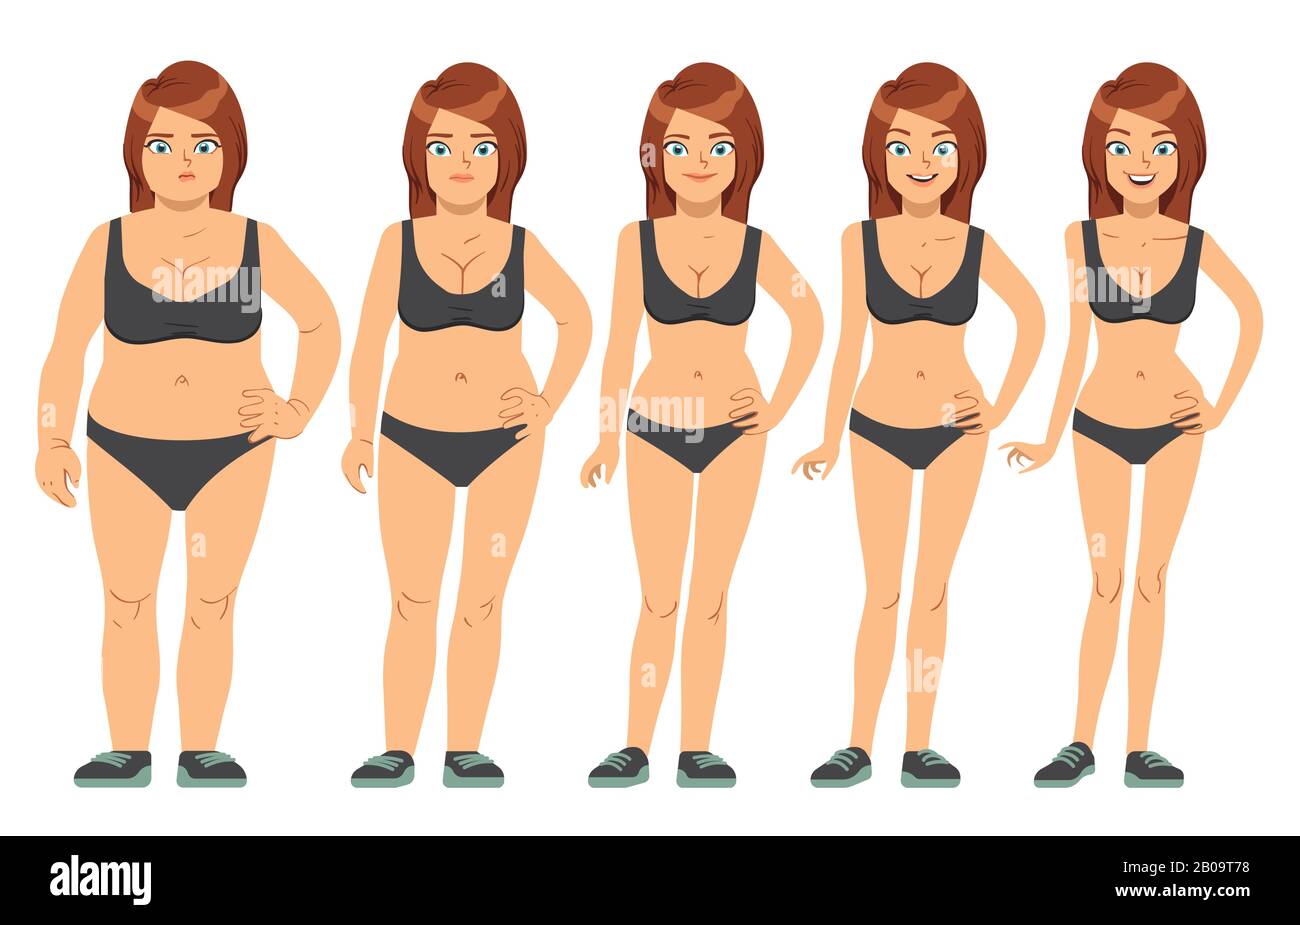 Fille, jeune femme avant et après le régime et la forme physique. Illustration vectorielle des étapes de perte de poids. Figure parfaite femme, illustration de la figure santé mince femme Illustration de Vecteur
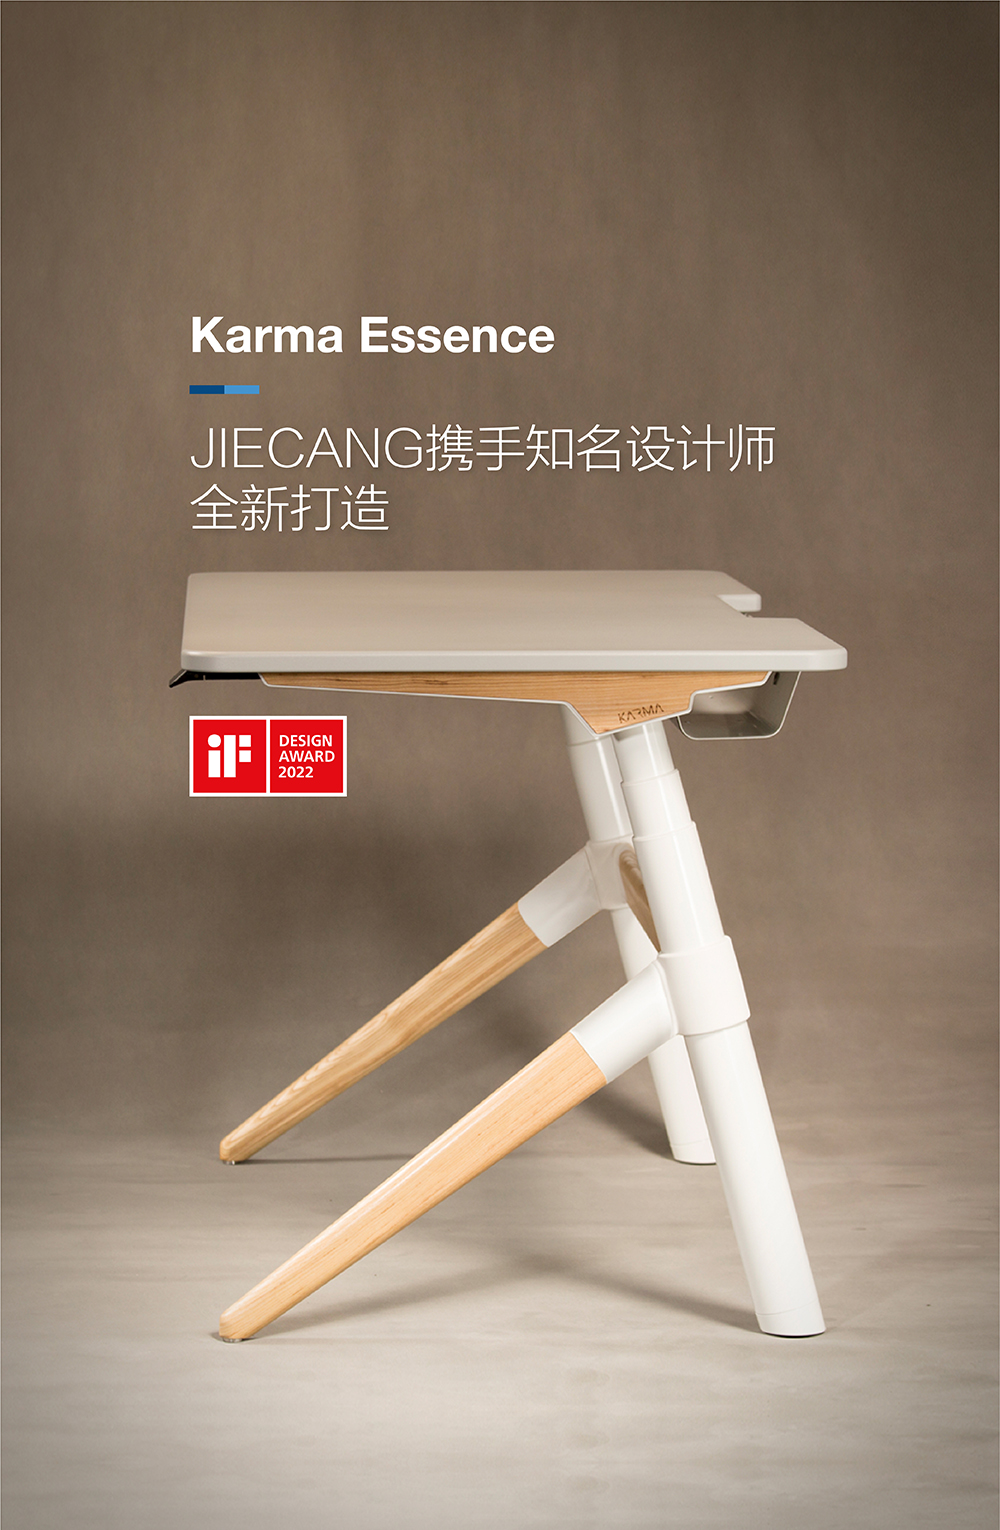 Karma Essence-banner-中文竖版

* * *

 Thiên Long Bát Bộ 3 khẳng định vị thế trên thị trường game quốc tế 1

### Problem:
Print exactly the lines above that run from the one with "Fille, jeune femme" to the one with "Karma Essence-banner-中文竖版", both included. No pictures.

### Exercise result:
 Fille, jeune femme avant et après le régime et la forme physique. Illustration vectorielle des étapes de perte de poids. Figure parfaite femme, illustration de la figure santé mince femme Illustration de Vecteur
 Karma Essence-banner-中文竖版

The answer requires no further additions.